Carlyle this month selected Citigroup, Credit Suisse and JPMorgan Chase to lead the offer. Generally, firms file their registration statements within two or three months of selecting bankers, which suggests that Carlyle could list as soon as September if market conditions allow.
A spokesman for Carlyle declined to comment.
The bankers familiar with the matter said recent stock market weakness meant Carlyle would have to accept a lower price for its listing on the New York Stock Exchange than could have been secured earlier this year.
Carlyle had hoped to be valued at almost 10 times its “economic net income”, a metric that excludes costs associated with the listing, they said. Now, Carlyle can expect a multiple of about seven times unless market conditions improve, they added.
Listed private equity firms such as Blackstone, Kohlberg Kravis Roberts and Apollo Global Management have suffered similar declines in their fortunes in recent weeks.

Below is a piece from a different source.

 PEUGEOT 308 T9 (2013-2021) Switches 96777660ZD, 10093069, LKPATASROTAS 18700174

KKR, for example, has seen its multiple for next year’s earnings fall from 9.8 times to 7.3 times, according to one banker.

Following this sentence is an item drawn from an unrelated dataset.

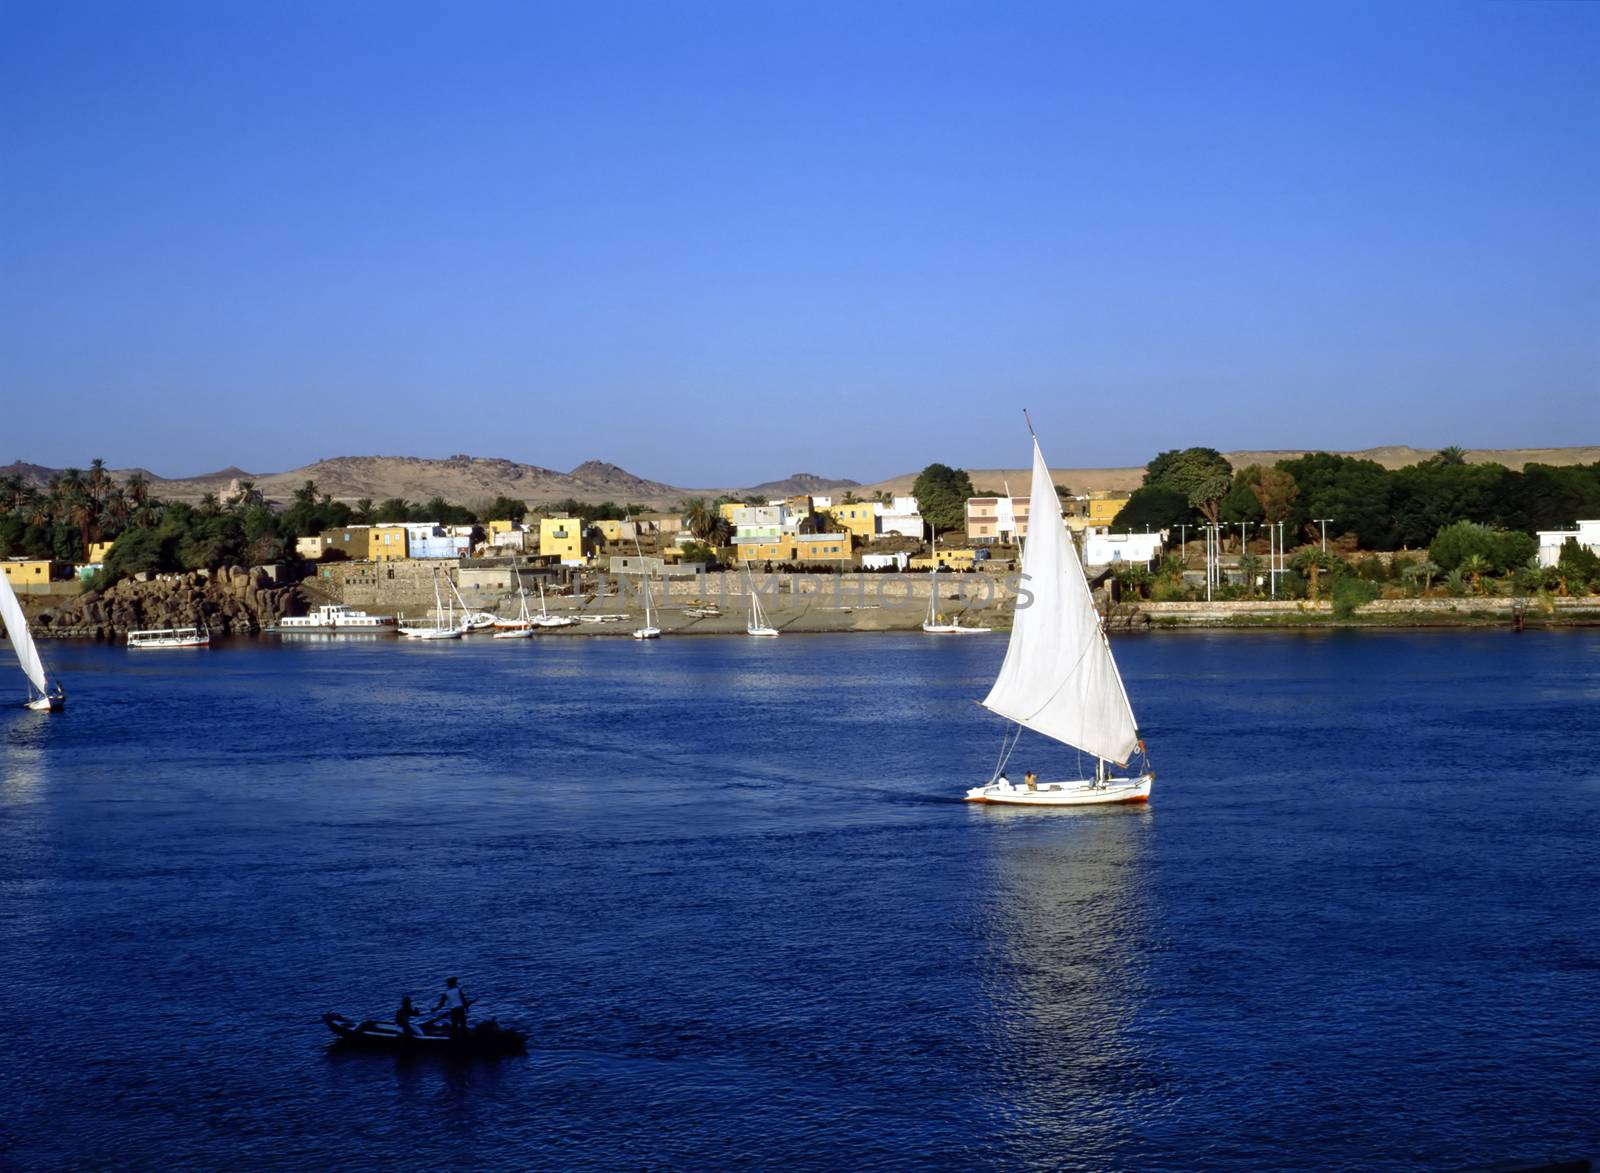 Feluccas on Nile by Asuan, Egypt by jol66

“It is ironic that Carlyle, which is known for its good sense of timing, has hit a patch of market weakness,” said a banker who competed for the listing.
Carlyle is one of the last of the giant private equity firms expected to go public in the near future.
Last week, Oaktree Capital, an alternative asset manager with $85bn under management, filed to list its shares on the New York Stock Exchange in a move expected to value the group at $8bn-$9bn.
Among other big private equity firms, the founders of Silver Lake Management, which specialises in technology, have said repeatedly that they have no interest in going public. Top executives at Warburg Pincus and Bain Capital have made similar statements.
In recent months, Carlyle has been among the most active of the leading private equity firms, making more investments and returning more money to its investors than most of its competitors.
In the last five quarters, it has made $15bn in new investments, while also returning the same amount of money to its investors.
In addition, Carlyle’s purchase of the Dutch fund of funds AlpInvest Partners is expected to close in a matter of weeks, bringing the firm’s assets to $151bn, a figure that will make it roughly as big as Blackstone.
However, the AlpInvest funds earn lower fees than private equity funds generally command.